* **SUPPLIED DATA**

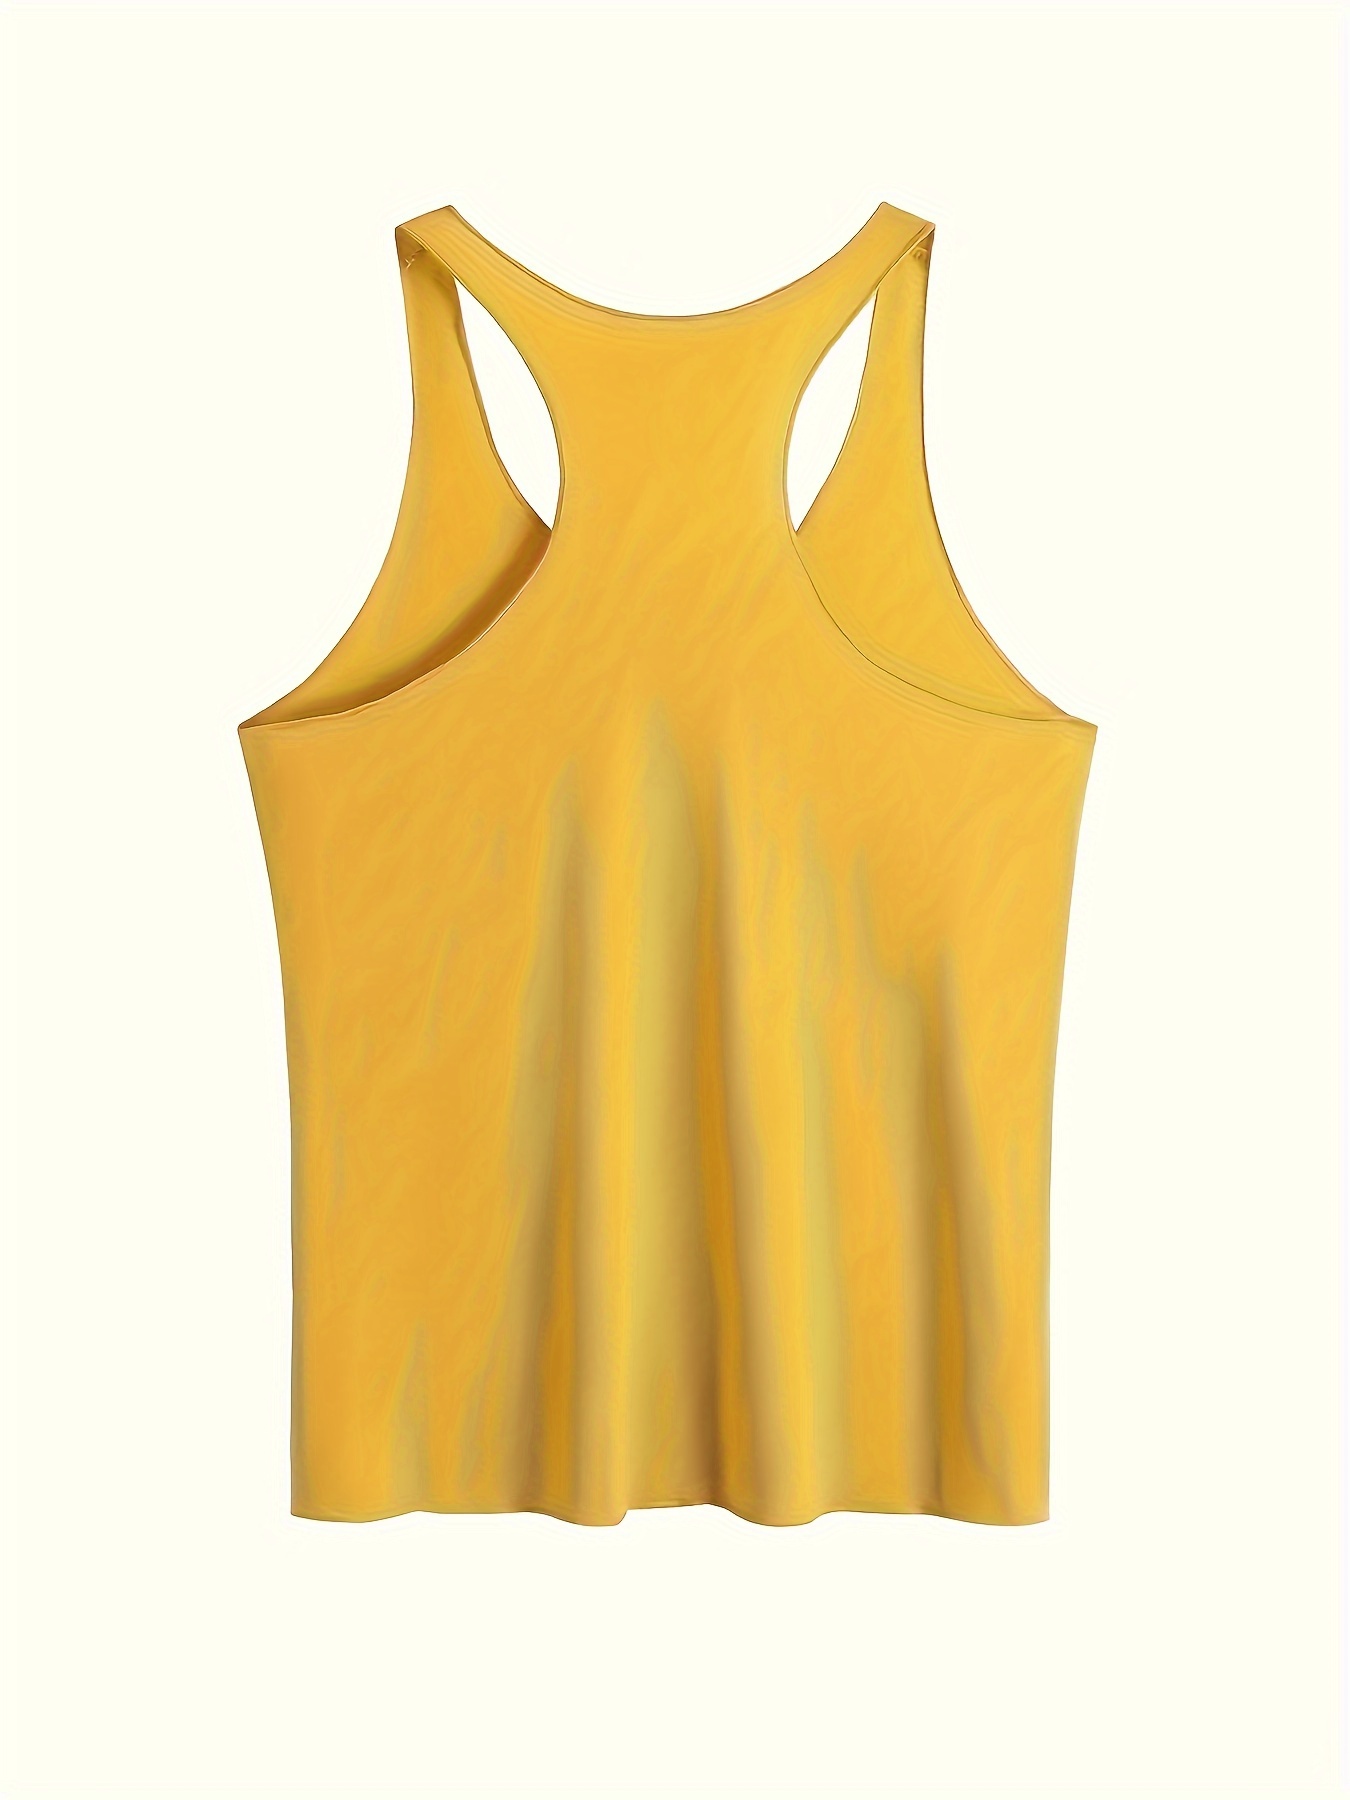 Yoga Vest Zumba Wear Women Gym Loose Sports Tank Top Sleeveless
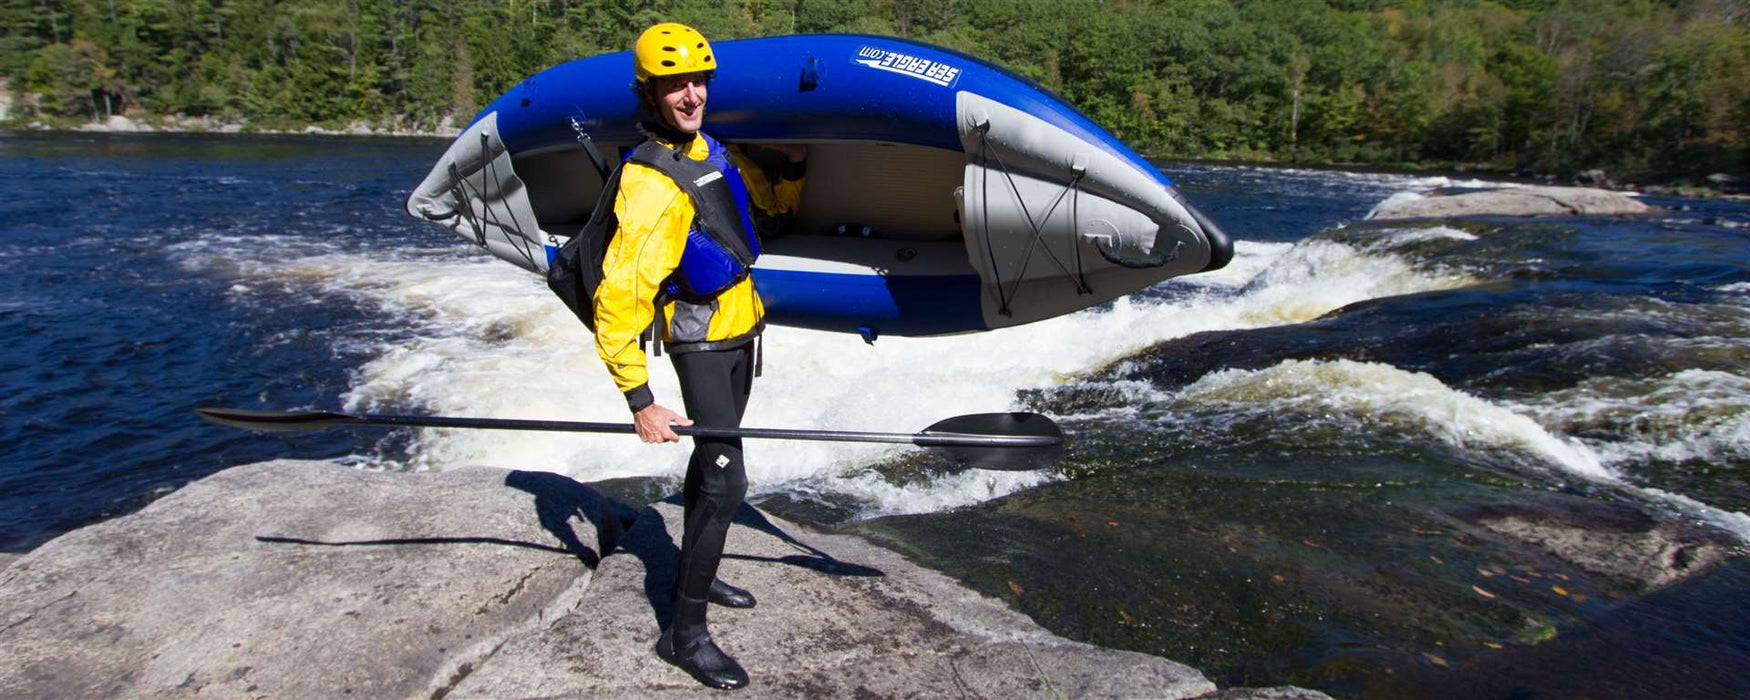 300x Explorer Inflatable Kayak Pro Carbon Package by SeaEagle 300XK_PC SeaEagle
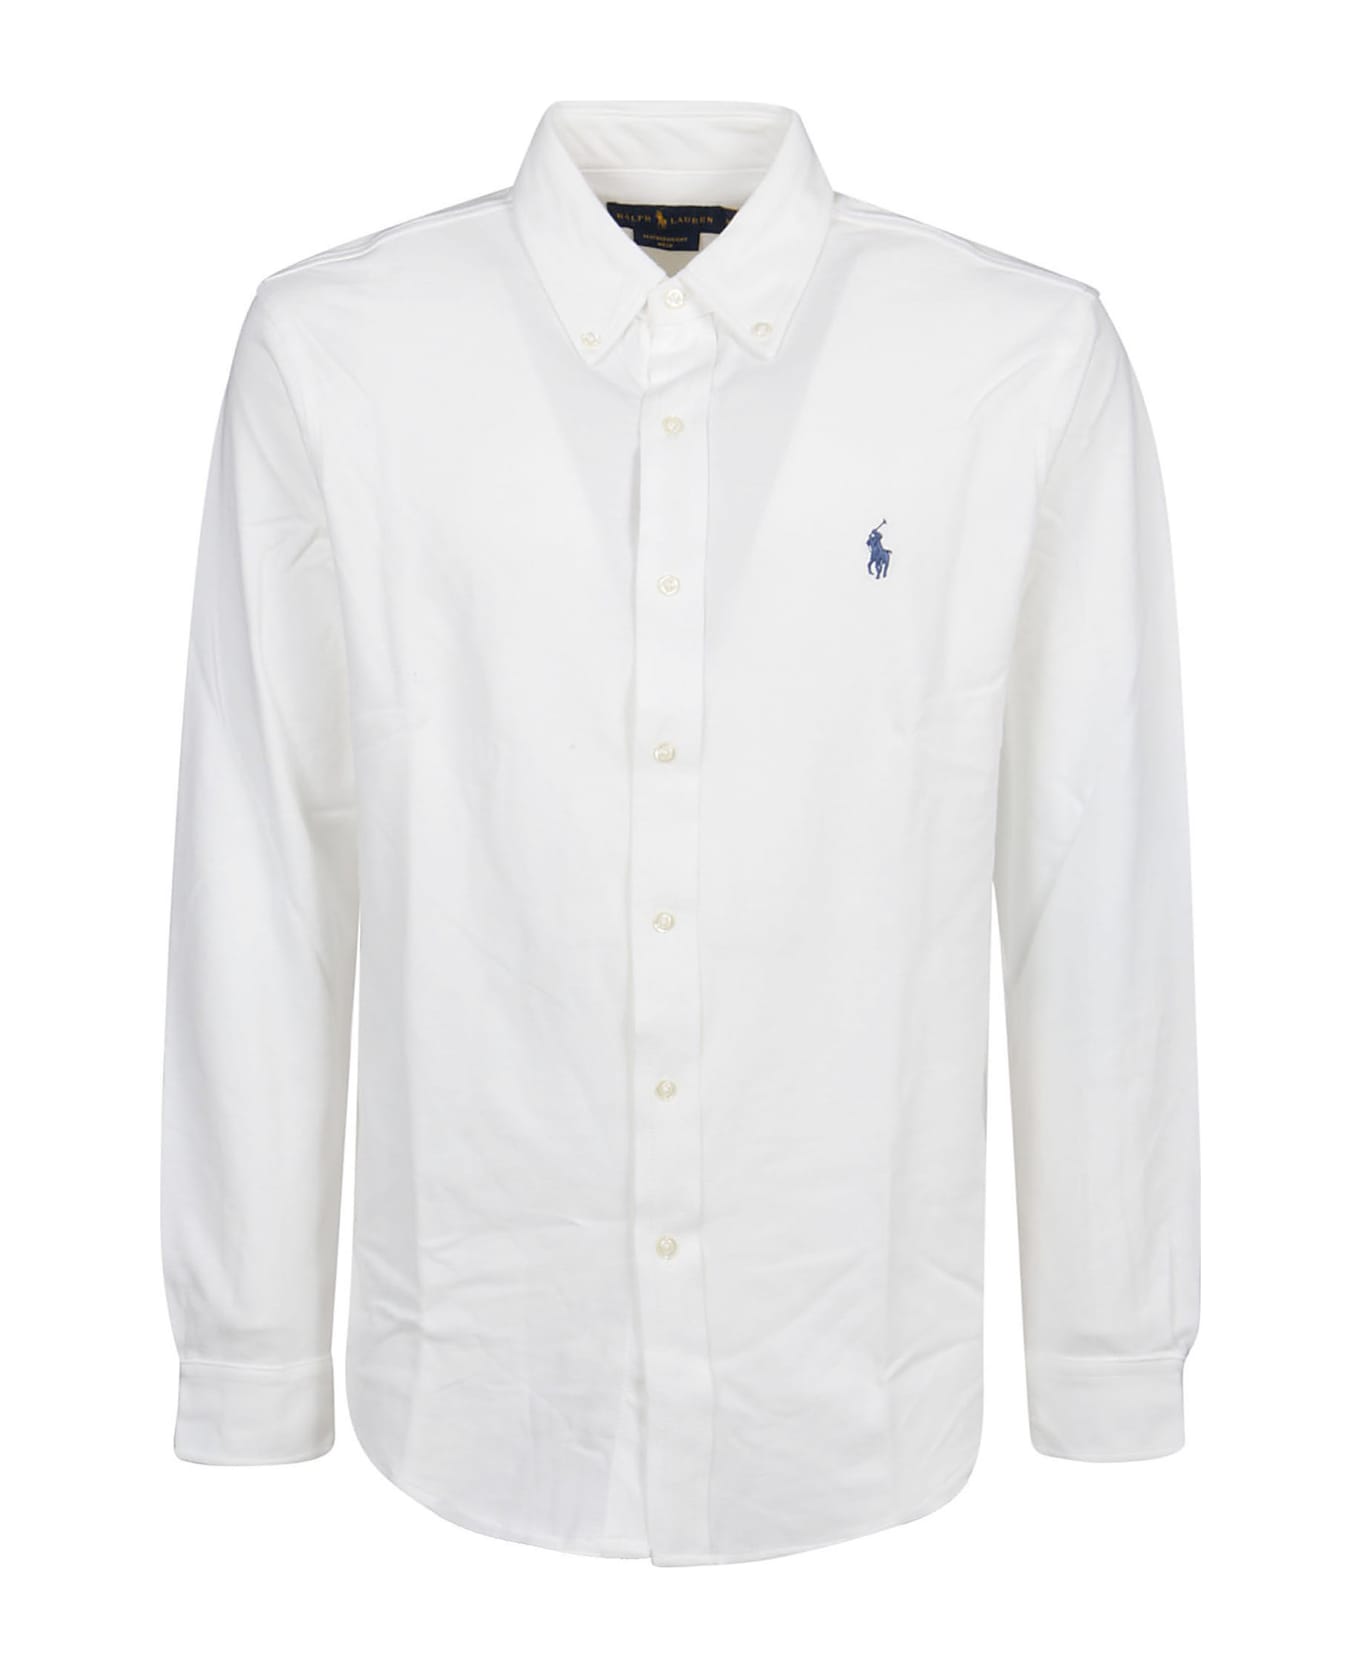 Polo Ralph Lauren Long Sleeve Shirt - White シャツ

* **EXERCISE AIM**
The data needs to be reproduced exactly, please, apart from its pictures.

* **EXPECTED OUTPUT**
 Yoga Vest Zumba Wear Women Gym Loose Sports Tank Top Sleeveless
 300x Explorer Inflatable Kayak Pro Carbon Package by SeaEagle 300XK_PC SeaEagle
 Polo Ralph Lauren Long Sleeve Shirt - White シャツ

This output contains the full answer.